I was disappointed in the judge, because it seemed to me, he was prejudiced in favor of the prosecution. He was giving the defense lawyers a hard time.

On the nineteenth of April, something happened that shook us all. As we were about to be dismissed for lunch the judge informed us that there had been a bombing at a courthouse in Oklahoma. Security was being tightened in all the courthouses around the nation. We learned more about the Oklahoma bombing later in the day.
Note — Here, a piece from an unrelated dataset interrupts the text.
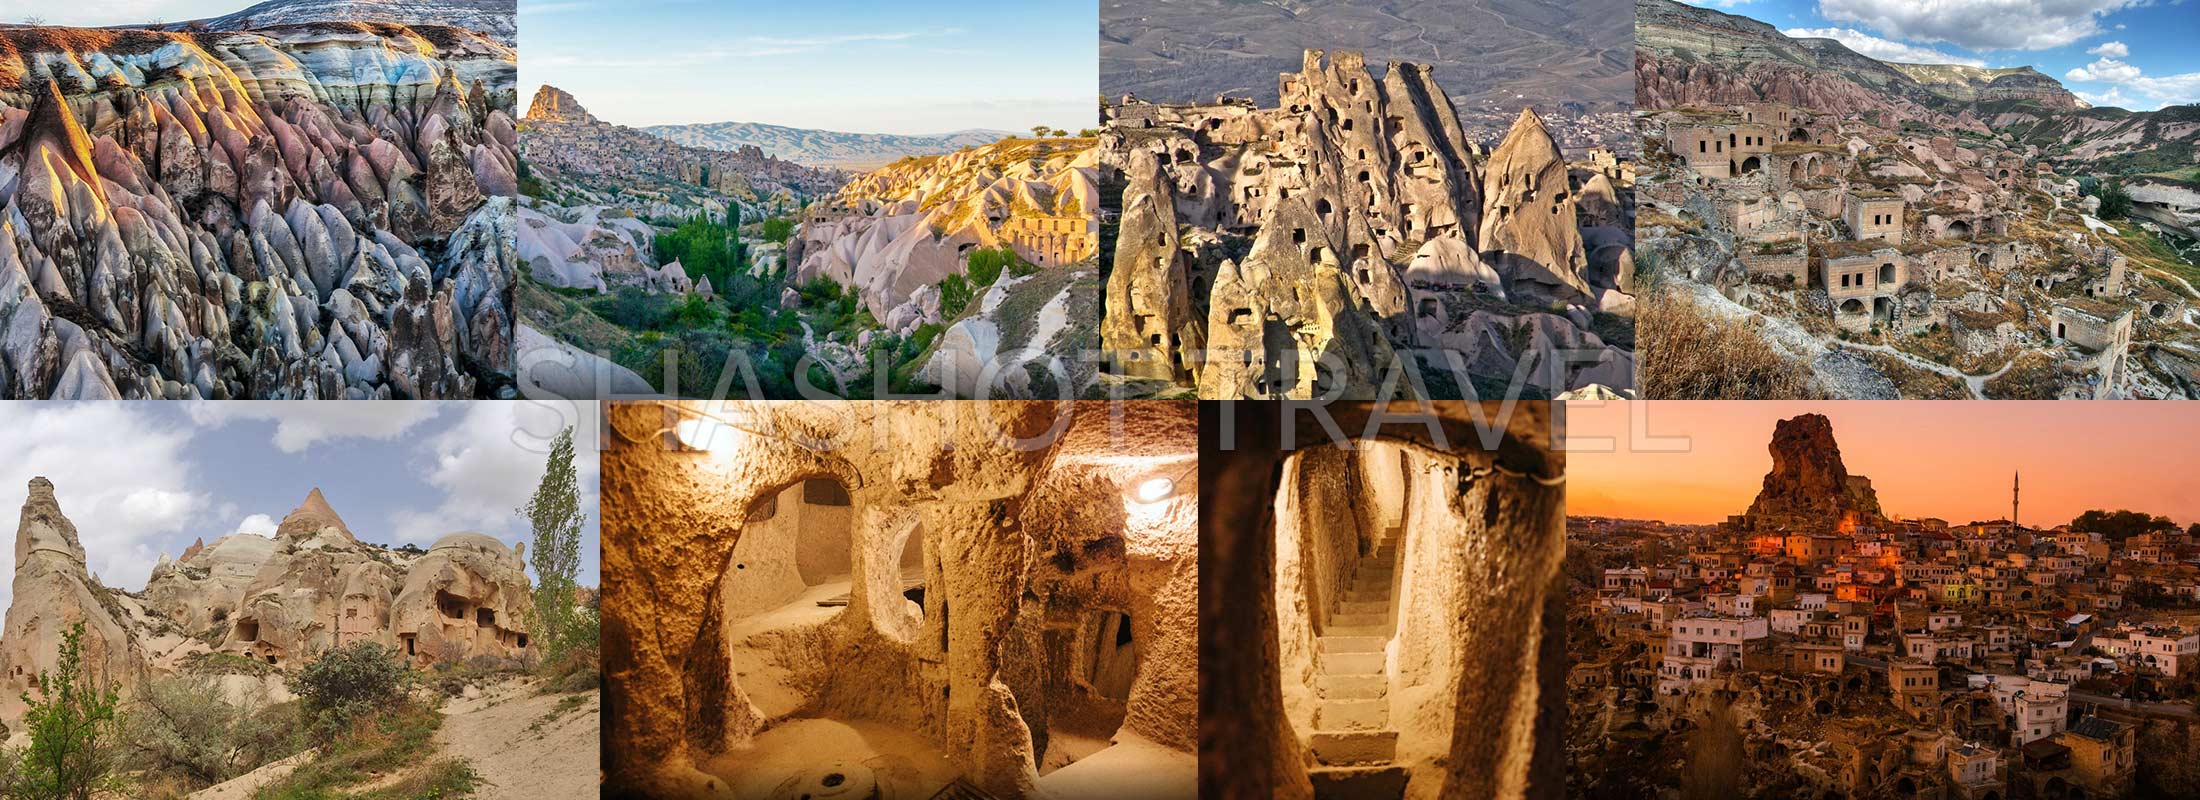 cappadocia-turquia-shashot-travel-Tour-a-pie

The following morning when we came in, there were guards around the courthouse and a camera and scanners had been installed. Each of us had a metal detector run over our bodies as we entered. This was the beginning of a tightening of security which has only continued to increase over time.

This Is Us:
Evan is 66 and a retired drafting supervisor from Chevron Oil.
Beth is 57 and has had a variety of jobs. She is presently working temporary jobs.
Carol is 32, recently divorced, and a nurse, working at a hospital in Chattanooga and living in an apartment.  
Don is a twin. He is 31, a recent graduate of Life Chiropractic College
Christi is Don’s twin. She is working as a receptionist at a chemical company and doing massages on the side.
Kimberly s Don’s wife. She is a nurse working in Atlanta. She gave birth to their first child in October '94,
Lauren Elizabeth Jane Shelby is Don and Kimberly's new baby (5 mos.)
Connie is our youngest daughter. She is twenty-one. She and a junior in college. 

Jane is Kimberly's mother.  Shana is Kimberly's sister.




I'm continuing to recall memories of life with my deceased husband, Evan, as if I am talking aloud to him. I'm doing this because I want my children to know us as we knew each other and not just as their parents.